- Born: 7 May 1960 (age 65)

= Raymond Kahungu Mbemba =

Congolese politician, former Secretary General of the UDPS

Raymond Kahungu Mbemba (born 7 May 1960) is a Congolese politician and businessman in the commune of Ngiri-Ngiri in Kinshasa, capital of the Democratic Republic of Congo. He was nicknamed Ya Ray, Marshal, or El Commandante.

He is founder and general coordinator of an anti-system citizen movement, Place au Peuple, and several other Congolese civil society associations.

== Career ==
His career (1984–1994) ended at the Studies and Planning Unit of the Treasury Department. Raymond Kahungu was elected President of the Union Delegation of the Ministry of Finance while he was on his return to the country. He became one of the members of the Public Service Union Delegation. He took part in the consultations organized by Marshal Mobutu Sese Seko in 1990 to achieve democratic opening. With the collaboration of other civil servants and students, he created the Jeunesse Actuelle association. A few months after the ouster of Étienne Tshisekedi from the prime ministership, an order from the Minister of Civil Service illegally retired him at the age of 34.

=== Political career ===
Until his retirement order, Raymond Kahungu worked within the Union for Democracy and Social Progress (UDPS). In 1984, Raymond Kahungu was frequenting UDPS circles through Hubert Mbongopasi Muresem, who was excluded from the National University of Zaire, for his participation in the first public meeting of the UDPS.

He participates in the meetings of his housing unit of the Uele District. Following the reforms of the Bondeko Conclave in 1995, notably the creation of the position of Secretary General of the Party, Raymond Kahungu was designated National Secretary for Youth Movements of the UDPS.

=== Movements ===
For the 2011 elections, among the matters on the agenda are the nomination of the party candidate for the election presidential or campaign slogan. Raymond Kahungu, with Jean-Marie Vianney Kabukanyi, proposed the campaign slogan "Le Peuple D'Abord".

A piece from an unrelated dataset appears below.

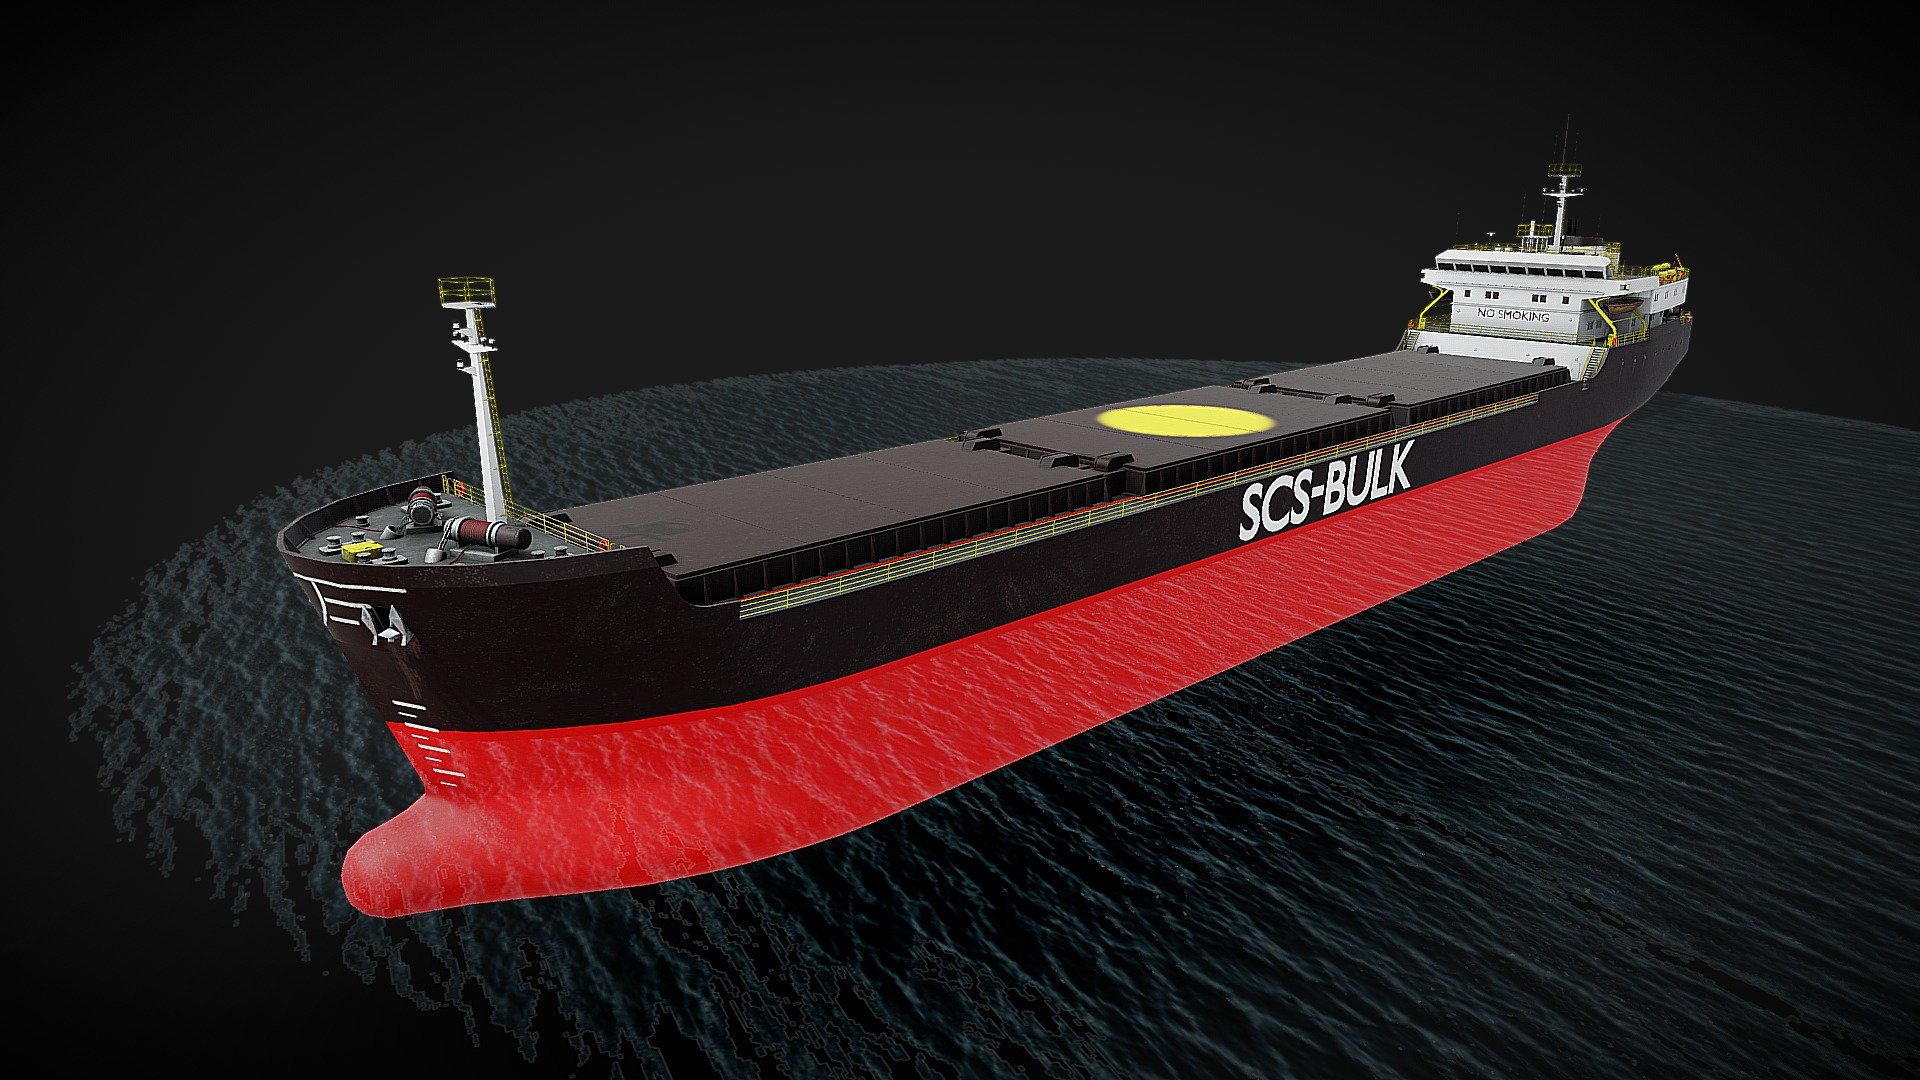 Game ready model bulker. Model scale Unity engine. The model has separated cargo compartment covers to create animations if necessary for your project 3d model

Starting with the trade union movement, which led him to participate in the work of the Sovereign National Conference, Raymond subsequently created dozens of non-profit organizations and NGOs. He is the founder of the anti-system citizen movement called Place au Peuple.

=== Aftermath ===
The CEREPRO Study Office (Cercle of Reflections and Prospective Studies of the UDPS), of which Raymond Kahungu was the Deputy General Treasurer, suggested the creation of the post of Secretary General, whose mission will be the daily management of the party. CEREPRO suggests to the founders to meet in Congress to comply with the conditions of modifications provided for by the Party Statutes. The holding of the Bondeko Conclave of 1995 was later done; it introduced the position of Secretary General into the structure of UDPS. Until 1995, the UDPS was organized under a structure called JUDPS (Youth of the UDPS). After the Conclave of the founders of the Bondeko Center Party in 1995, and on the proposal of CEREPRO, the Secretary General of the Party decided on the name UDPS Youth Movements. Two years later, the participants adopted the proposal of Raymond Kahungu.

On 15 August 1992, the Sovereign National Conference, through its 2,500 delegates from all the 11 provinces of the country at the time, elected Étienne Tshisekedi Wa Mulumba, president of the UDPS, to the post of Prime Minister and head of government. The CNS charged him with preparing for the Third Republic over a period of 2 years.